Olive Oil for the eyes
This is a personal discovery of mine for natural soothing eye relief. After washing my eyes, I dab the tiniest amount of EVOO on the fingertips and gently brush over the water dumped irritated eyelids. Be careful to use only a little amount or too much will make your eyelids heavy and sleepy.
Warm tea
Herbal remedies include Dandelion, Nettle leaf, other similar type teas. I personally make my own turmeric, ginger, and mint tea. My tea, made with anti-inflammatory herbs and spices along with other benefits of antioxidants, is a great start to heal the overworked immune system and stabilize mast cells. From personal experience and others that have tried this tea recipe, experience noticeable positive results within a week.
5. Rest
Nap:
If all else fails, do the above and just take a nap if you are able. You will feel so much better! In the past, when my allergies were at their worst, I would put TV on for the kids and crash on the sofa next to them for 20+ minutes to get relief.
Sleep:
A good nights sleep is a must, try the techniques mentioned above to get good rest to calm the immune system, build the required hormones and just give your body the maximum time to rest, recover and repair. When my allergies were at their worst, I used to cut down on TV and reading during the allergy season and spend more time with a cold face mask and sleeping.
Long term and Short term relief
These remedies as lifestyle habits, provide a grave improvement in energy level, fatigue, mental clarity, a decrease in sick days along with fast recovery from any cold, not just hay fever symptoms.
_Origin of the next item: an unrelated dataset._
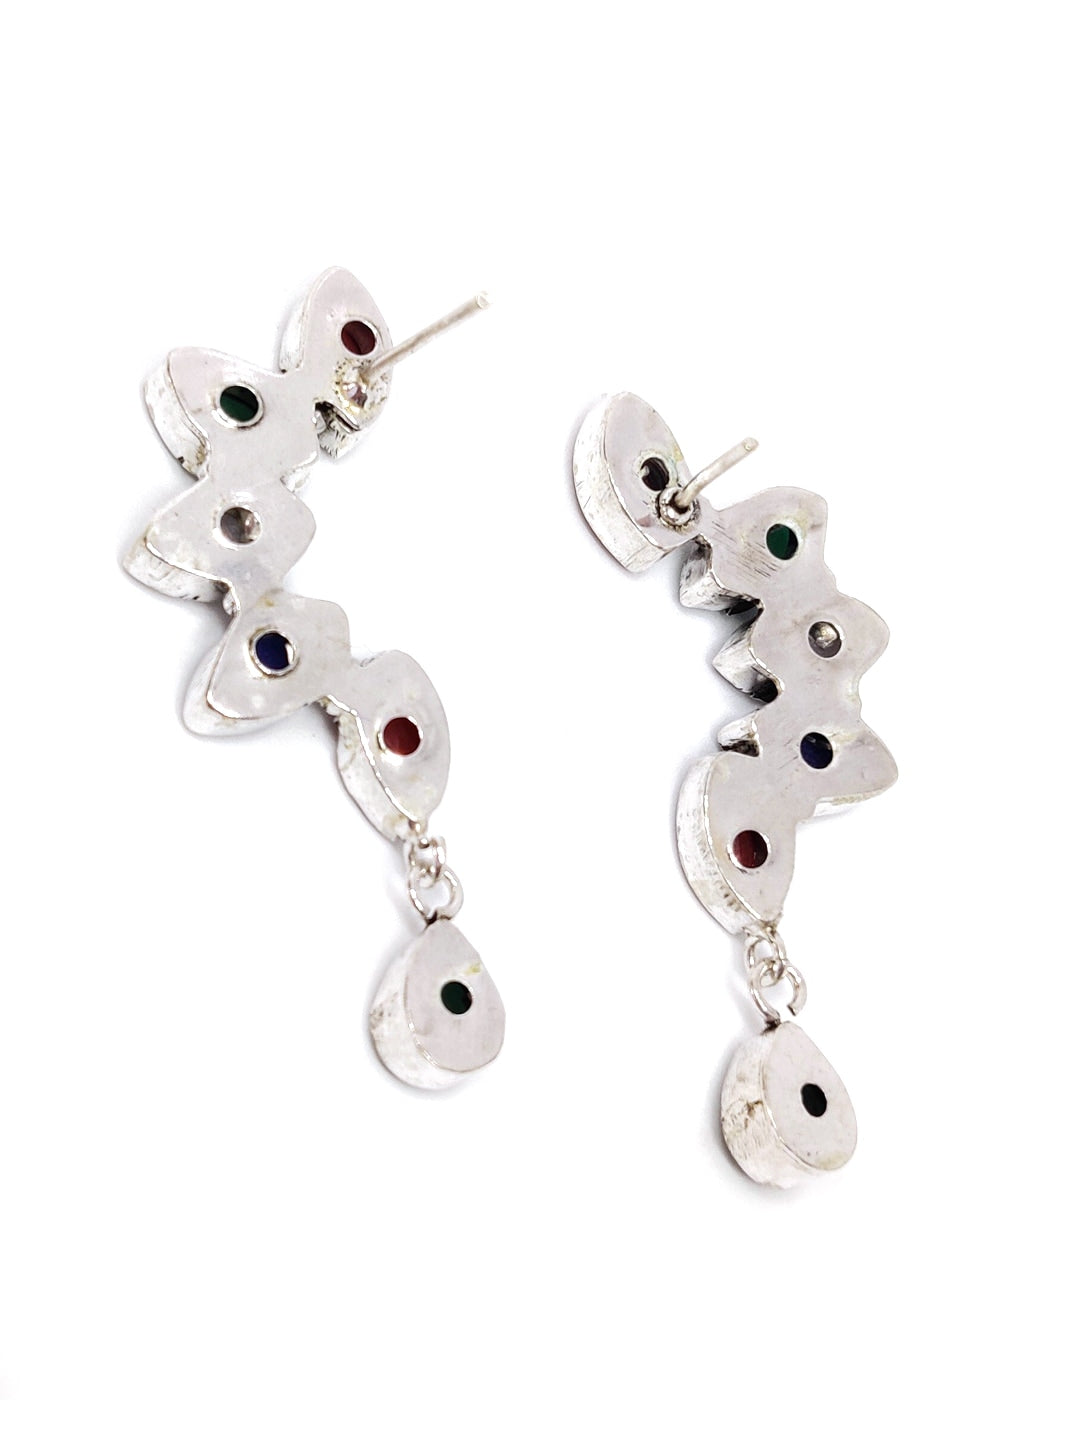 EL REGALO Red & Green Contemporary German Silver Ear Cuff Earrings - for Women and Girls
Style ID: 16770286

To truly win the battle against seasonal allergies and even poor overall health and fatigue, it’s important to take certain permanent steps towards a lifestyle change. These changes include:
- regularly challenging the body by way of intense physical exercise—making the body does work as it’s designed for.
- providing the body with much-needed micronutrients, vitamins, and minerals, to build enzymes, hormones, and even microbes (good gut bacteria).
- rest, not just tuning out in front of the tv, computer, or a book. Try meditation, deep sleep to truly turn off the mind as much as possible, and allowing the body to focus on setting a new internal balance.
As you work on the long-term healing process, implement the short-term relief strategies mentioned above. I started my health and fitness journey due to my uncontrollable seasonal, year-round allergies, that were so morbid that I could no longer get through the day let alone enjoy the day.
Hope you get out there and smell the roses, without sneezing! It’s a beautiful thing.
References:
Krouse et.al. Allergy and Immunology: an Otolaryngol approach. 2002. Lippincott Williams & Wilkins.
Relevant chapters: 16. Seasonal and Perennial Rhinitis; 17. Rhinosinusitis and Allergy; 26. The quality of Life in Allergic Patients; 27. The role of Nutrition in Allergy Management; 28. Complementary and Alternative Medicine in Otolaryngic Allergy.